▸ What is required: Since the pictures are not wanted, retype the listing below exactly and without them.

▸ Data segment:

··········

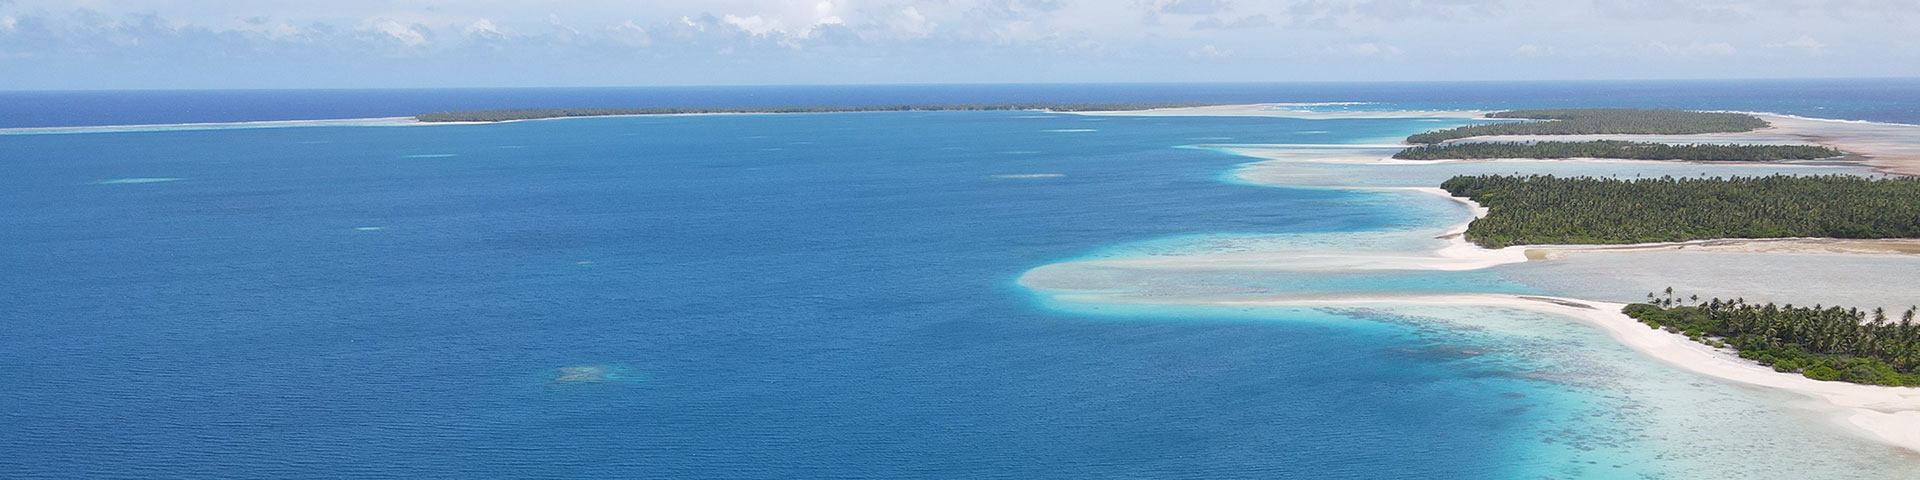 Kleine, begrünte Inseln umgeben von türkisblauem Meer
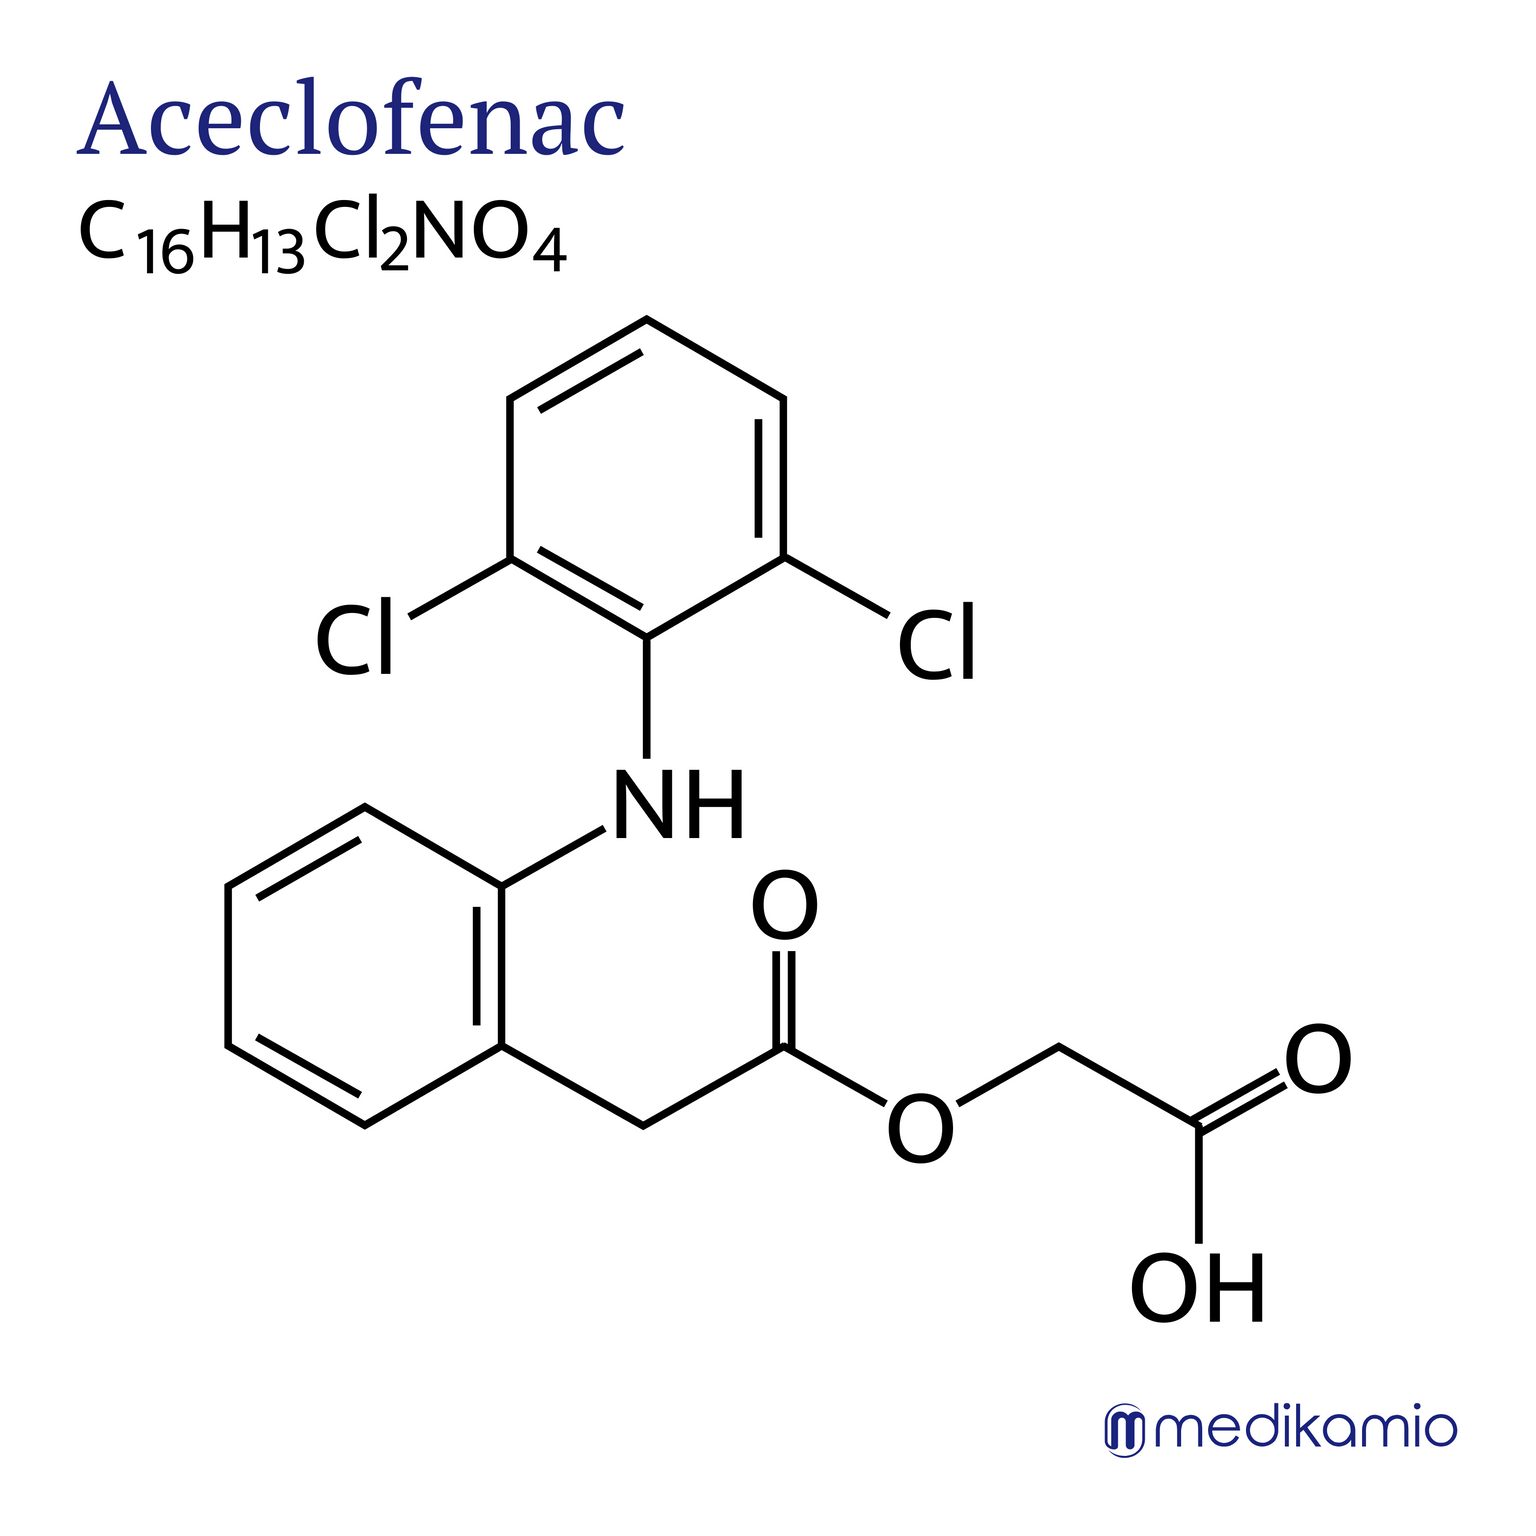 Grafische structuurformule van het werkzame bestanddeel aceclofenac
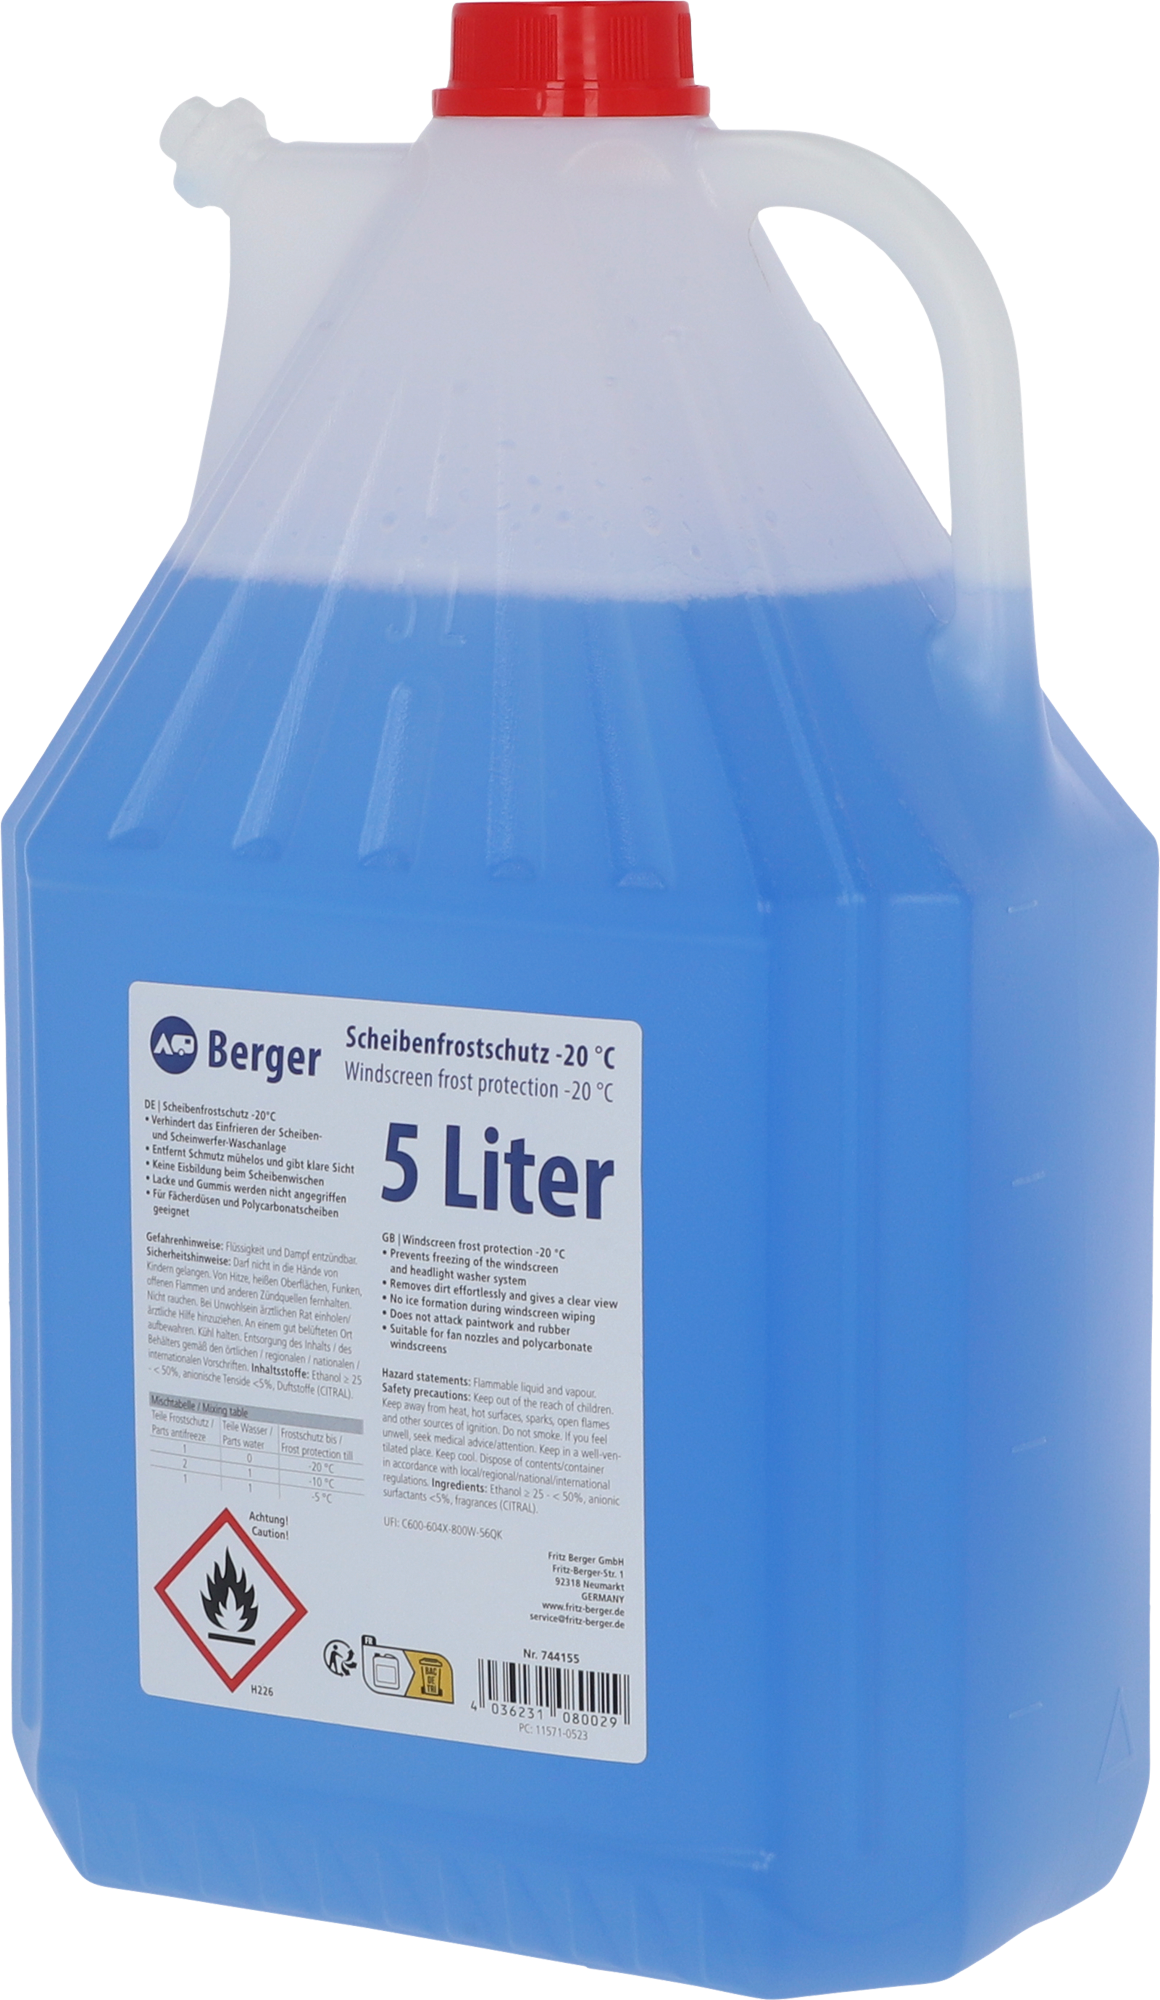 Sonax - AntiFrost und KlarSicht WinterScheibenreiniger, 5 Liter

··········

▸ Result of the exercise:
 Kleine, begrünte Inseln umgeben von türkisblauem Meer
 Grafische structuurformule van het werkzame bestanddeel aceclofenac
 Sonax - AntiFrost und KlarSicht WinterScheibenreiniger, 5 Liter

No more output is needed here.